I remember my mother visiting me and my then wife when we bought our first house. My wife and son were in the kitchen, and my mother whispered, “This is nice, but where are you?” I laughed and showed her my desk hidden behind closet folders in the front guest room.
My first home, and in retrospect, I’m not sure I was ever actually there. The upside, I couldn’t lose what I didn’t have.
I was married 33 years. Divorce was right. Now what? The process took too much space, too much time. All-consuming, crowding out the vision of where to go next with the simple desperation to get out, to get away, to quiet the incessant dissonance of morning to night miscommunication. Phase next slipped from sight. I didn’t prepare myself, not sure I could have anyway, and yet, I didn’t doubt.
DeVaughn croons on, “You may not have a car at all…”
Doubt lingers in how to live, where to go next. For so long, it seemed like there was only one direction to go. Until there wasn’t. Immobility. Doubt that there really is anything more to do, anywhere else to go, anyone else to be.

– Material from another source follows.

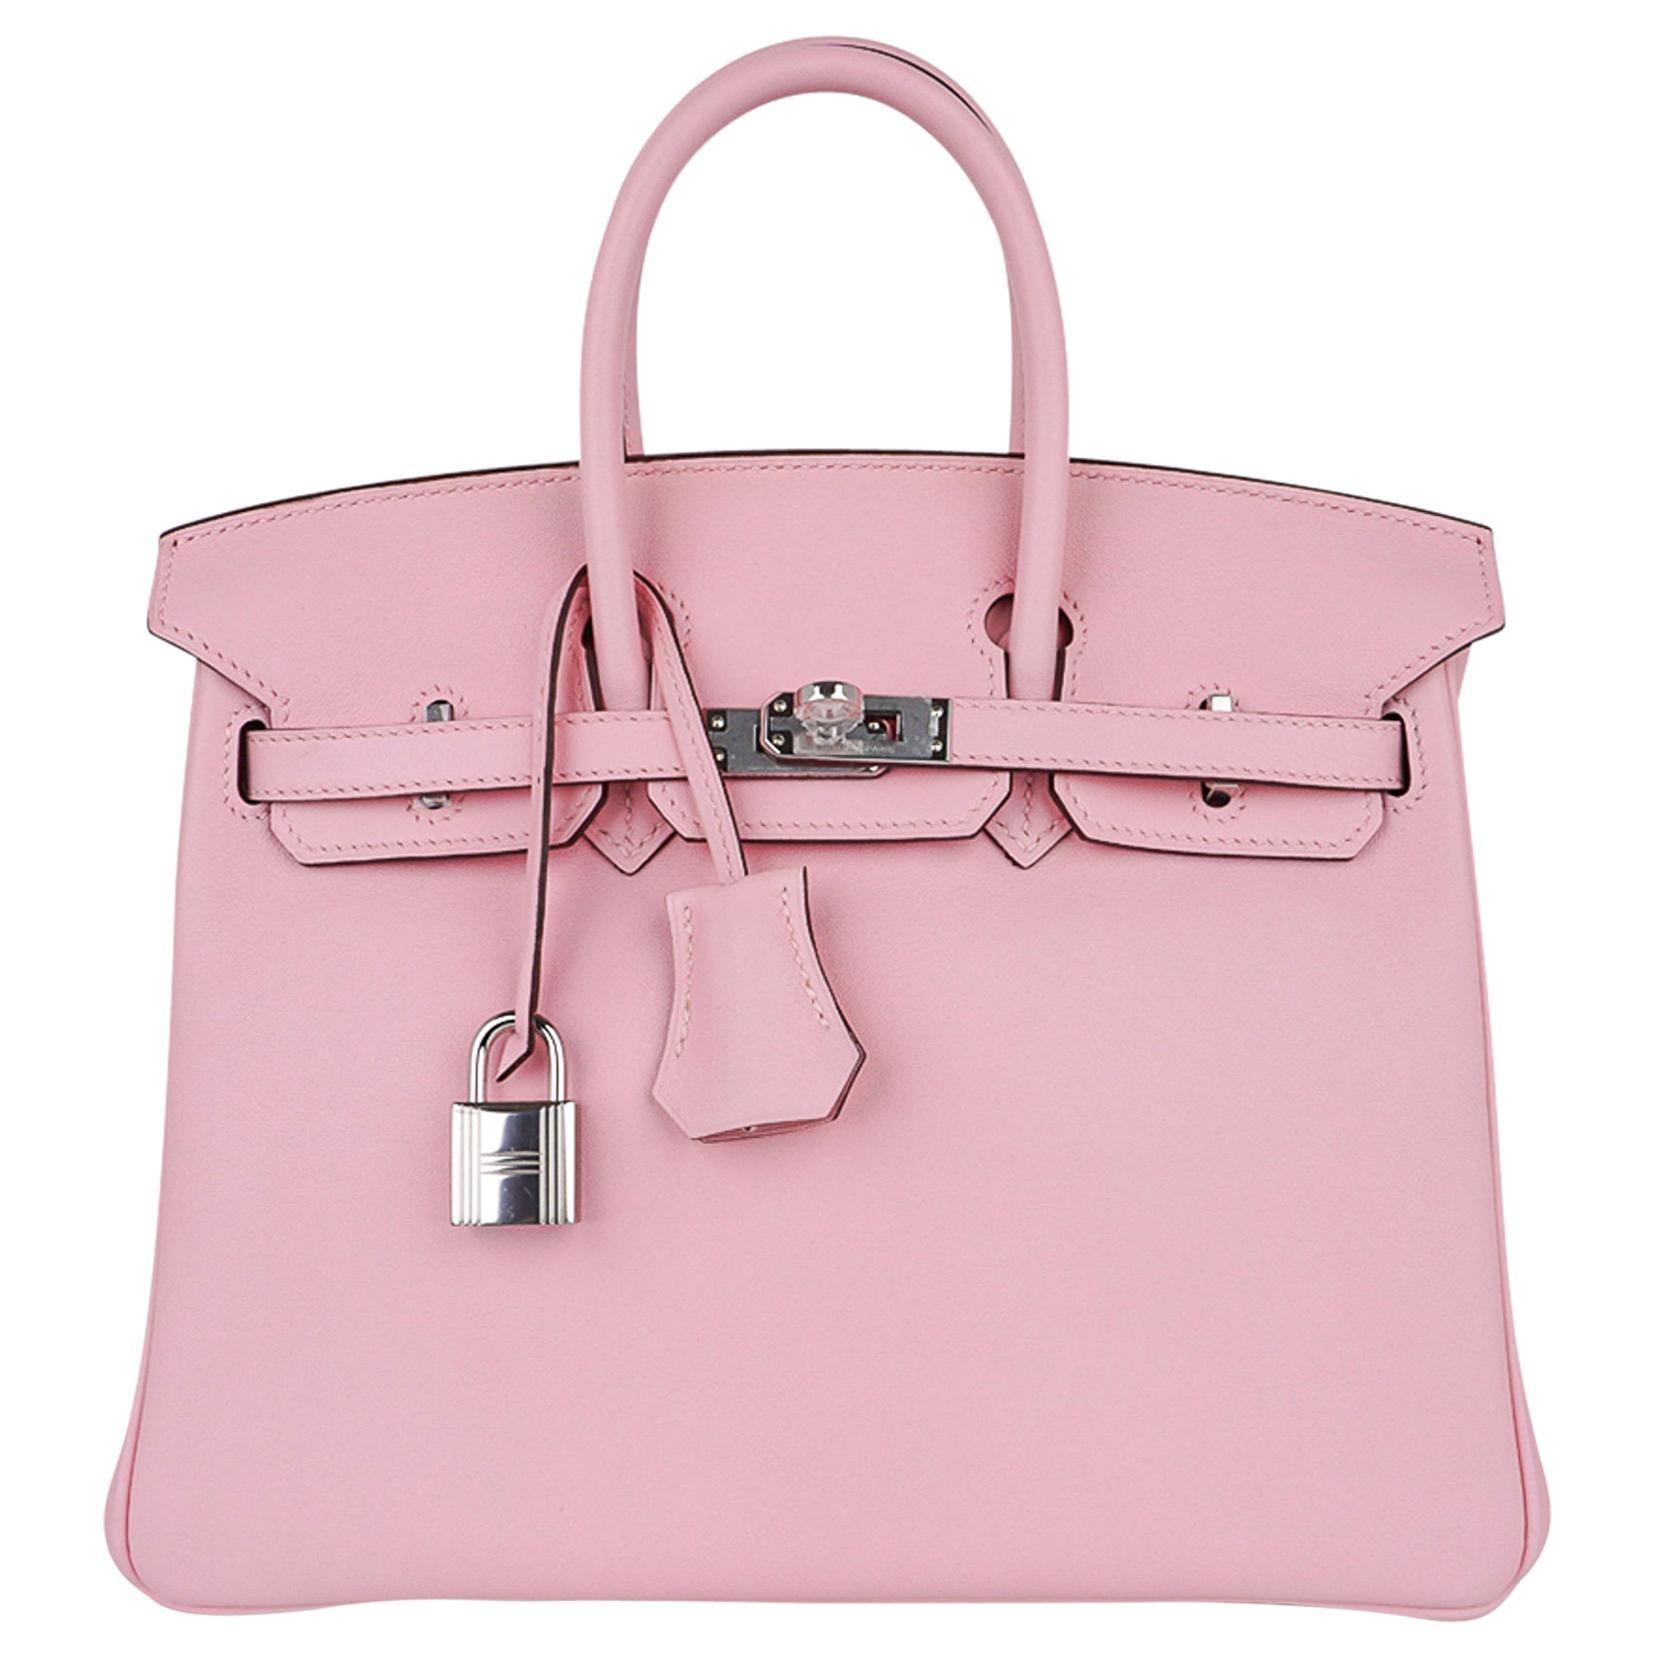 Hermes Birkin 25 Bag Rose Sakura Palladium Hardware Swift Leather Rare

Immobility, it wasn’t a product of not knowing where to go though, more a profound disappointment. What I had expected, hoped, and worked for, for decades, didn’t turn out as I had wanted. I’d been pretty attached to that vision, almost to the point where I considered staying in something toxic.
Childish. Still hurts no less but still a childish, foolish, delusion. Despite thinking I didn’t know what to expect, I unwittingly had thoughts of what things should and shouldn’t be that were not being met. Had I been more on top of my life, I would have known not to put myself in the situation in the first place. The ability to ask a few more questions would have helped, but emotions tangled those questions up.
Faith in hard work didn’t pay off. It revealed nothing. I was doing what I thought I had to do, what I thought we all do. After years of doing the work though, I’m not even sure what I was working for, perhaps that’s devastating, I can’t make up my mind.
Lost or at a loss?
I ask ChatGPT, “is doubt a symptom of depression?”
It answers simply, “…Yes, doubt can be a symptom of depression, but it’s essential to recognize that doubt in and of itself isn’t solely indicative of depression….”
Or is it a symptom of fear?
Again, it answers, clearly, simply, “… Yes, doubt can be conceptualized as part of a continuum of fear, especially when considering how humans process uncertainty and potential threats.”
Although respectful of the first answer, the second resonates better with my feelings.
DeVaughn continues, “…But remember brothers and sisters…” the tone sonorous, warm, reassuring, “You can still stand tall, Just be thankful for what you’ve got.”